The Ford Motor Company hopes to quash a major lawsuit filed against automakers and their suppliers. The music industry is seeking billions in damages over copyright issues stemming from car navigation devices. YaKenda McGahee reports on what could potentially be a landmark case for both the music and automotive industries.
Ford asked last week that the lawsuit by the Alliance of Artists and Recording Companies, the leading organization representing the music industry, be dismissed. The Alliance sued Ford, General Motors and others in July for violating the Audio Home Recording Act of 1992 that says royalties must be paid for any music on a digital audio recording device or DARDs.
The music industry alleges that some car media systems are in effect iPods, allowing people to burn music right onto hard drives.

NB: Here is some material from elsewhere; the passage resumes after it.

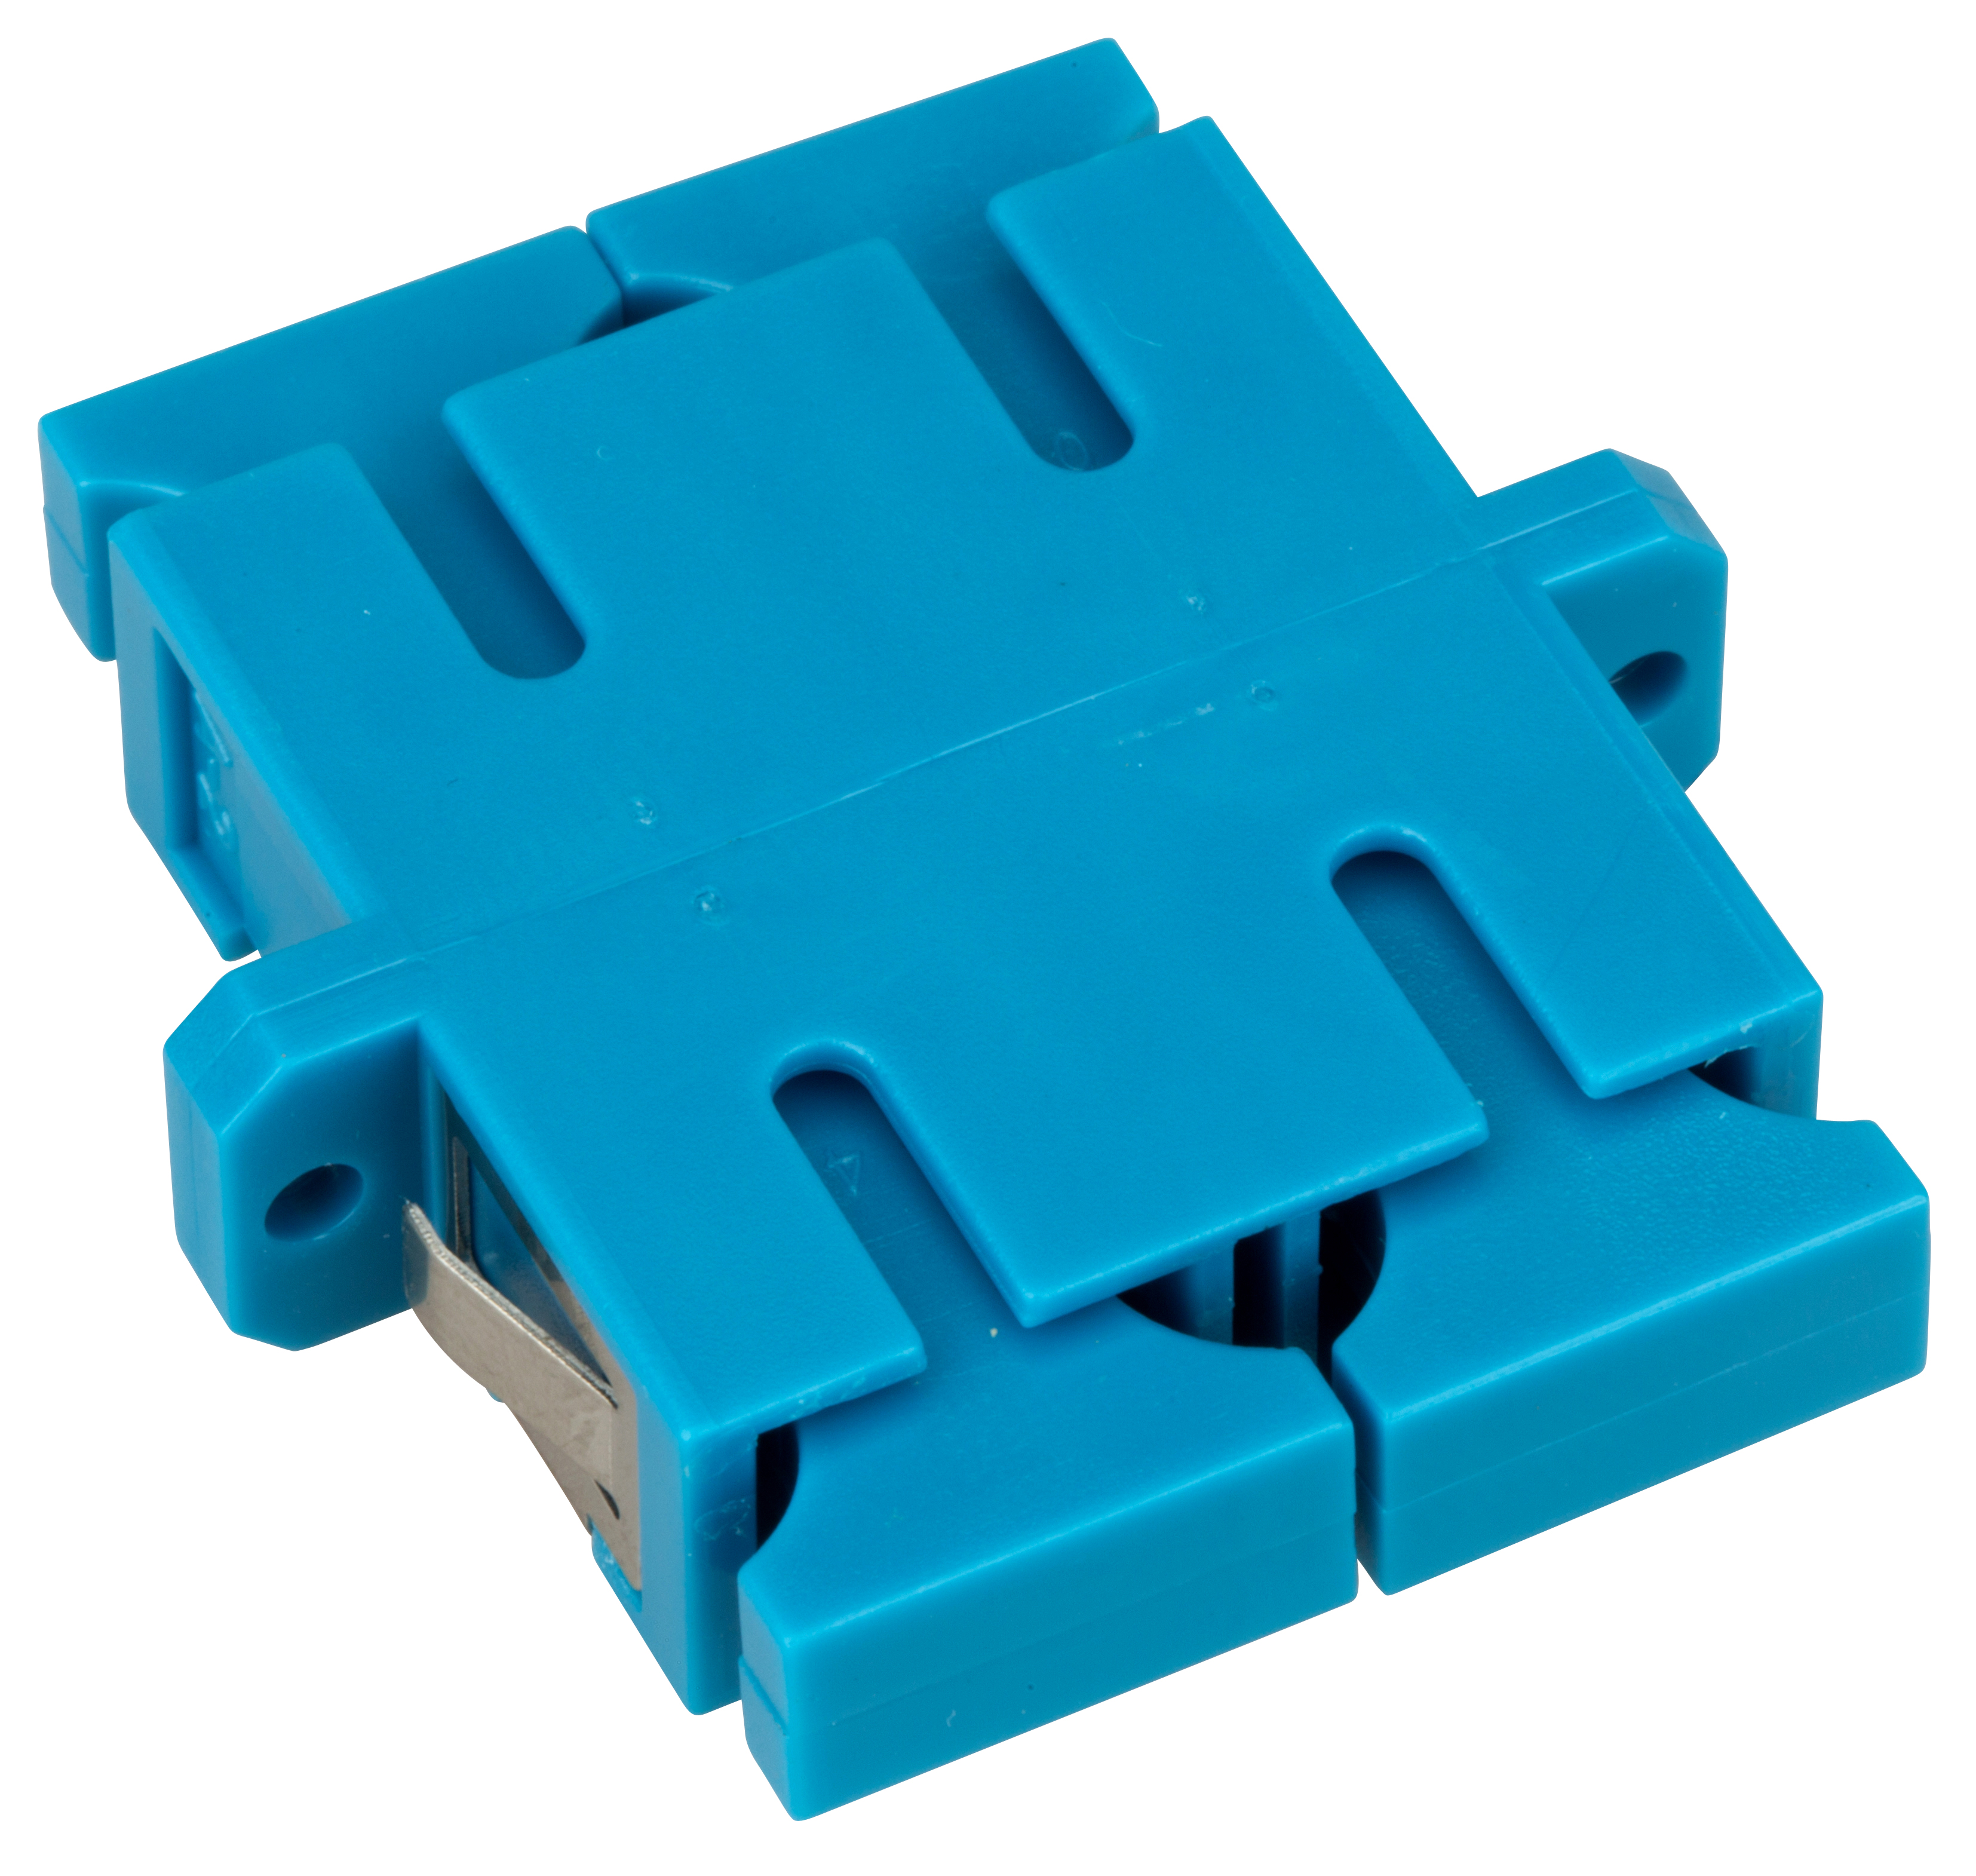 1 Stk LWL Kupplung SC-Duplex, Singlemode, zirc, Flansch, blau, ECO HMOLE00054

They point to Ford’s in-vehicle digital audio recording device that holds 2,400 songs.
The Alliance said in a statement: “Ford, GM have now decided to ignore their obligations to music creators and declare themselves above the law… we are determined to collect royalties our members… are owed.”
No matter the outcome, industry observers say it’s almost certain these types of copyright suits will continue as technology evolves.
“Ford and GM are selling 2 million to 3 million cars, and you go back three years and that’s tens of billions which they’re seeking which is absurd,” said Dan Nabel a professor at the USC Intellectual Property Law Clinic. “Rather than innovate and create new business models, the approach has been, let’s just sue people. I think the likelihood they succeed against Ford is almost none.”